2022 memoir by Werner Herzog

Every Man for Himself and God Against All: A Memoir (Jeder für sich und Gott gegen alle. Erinnerungen) is a 2022 memoir by the German filmmaker Werner Herzog.

==Summary==
Werner Herzog reminisces about his life interspersed with stories about his films, mixing memories and personal stories from different times. His memories from his childhood in rural Bavaria are accompanied by the making of the science fiction film The Wild Blue Yonder (2005). His early interest in ski jumping led to the making of a film about the sport. Herzog writes about his acquaintance with the actor Klaus Kinski in Munich. He writes about his temporary adherence to Catholicism and how it probably left traces in his films. He writes about how recurring tropes in his films are connected to personal experiences. The book ends in the middle of a sentence.

==Reception==
Kirkus Reviews described the book as "Herzog in all his extravagant, perspicacious glory" and an "opportunity to delve deeply into Herzog's fascinating mind".

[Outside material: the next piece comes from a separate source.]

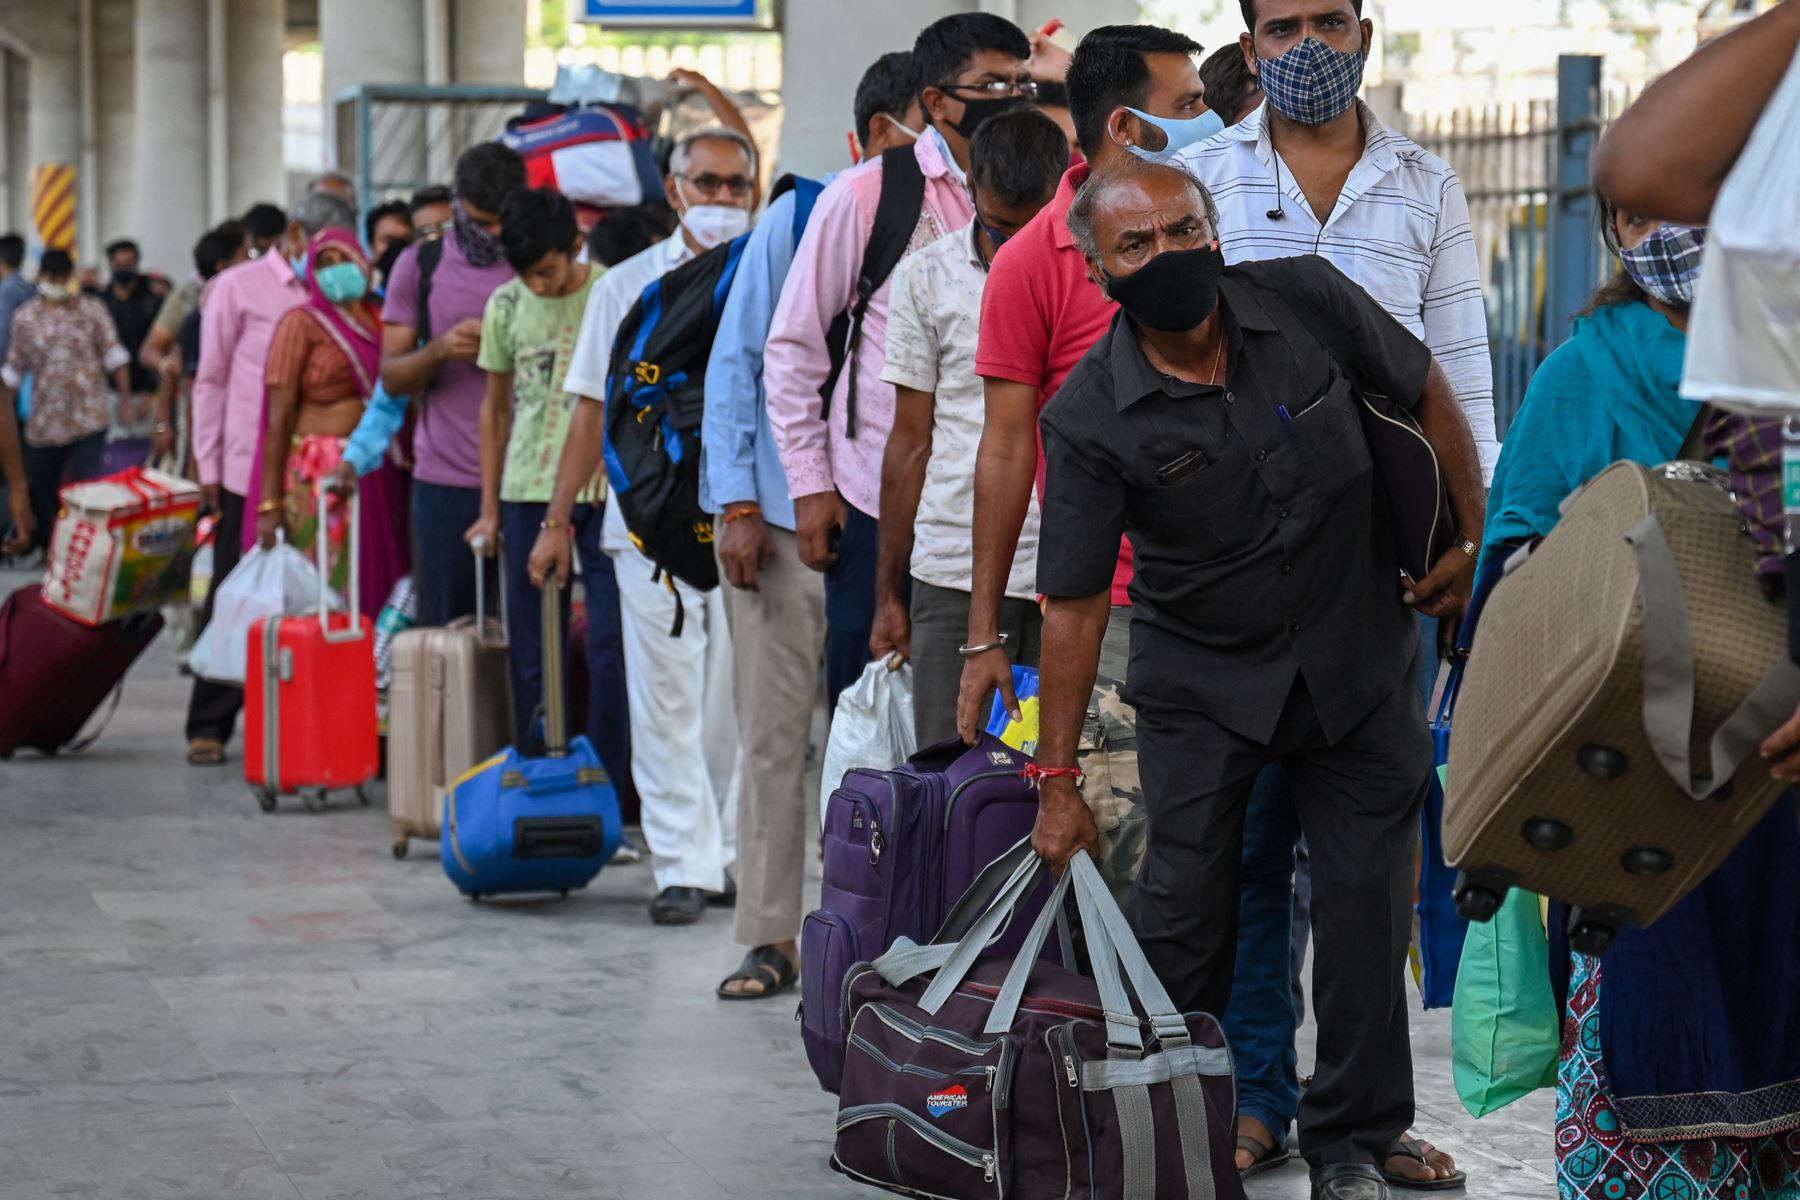 Los pasajeros hacen cola para que les controlen la temperatura durante una prueba de detección del coronavirus Covid-19 después de llegar a una plataforma ferroviaria en un tren de larga distancia, en Mumbai.
Foto: AFP

Claire Dederer of The Guardian wrote that admirers of Herzog "will find much to love here, all of it jumbled up into a kind of memoir-diary-polemic hybrid". She called the book "something weirder and truer than a mere autobiography" that reaches Herzog's "deepest compulsions and yearnings".

Dwight Garner of The New York Times did not think the book is meant to be taken at face value, relating its content to the "ecstatic truth" Herzog says he strives for in his documentary films. Garner wrote he did not believe a word in the book and called Herzog "an old-school, concierge-level bluffer".

== See also ==
- The Enigma of Kaspar Hauser, a 1974 film by Herzog, originally released in German as Jeder für sich und Gott gegen alle.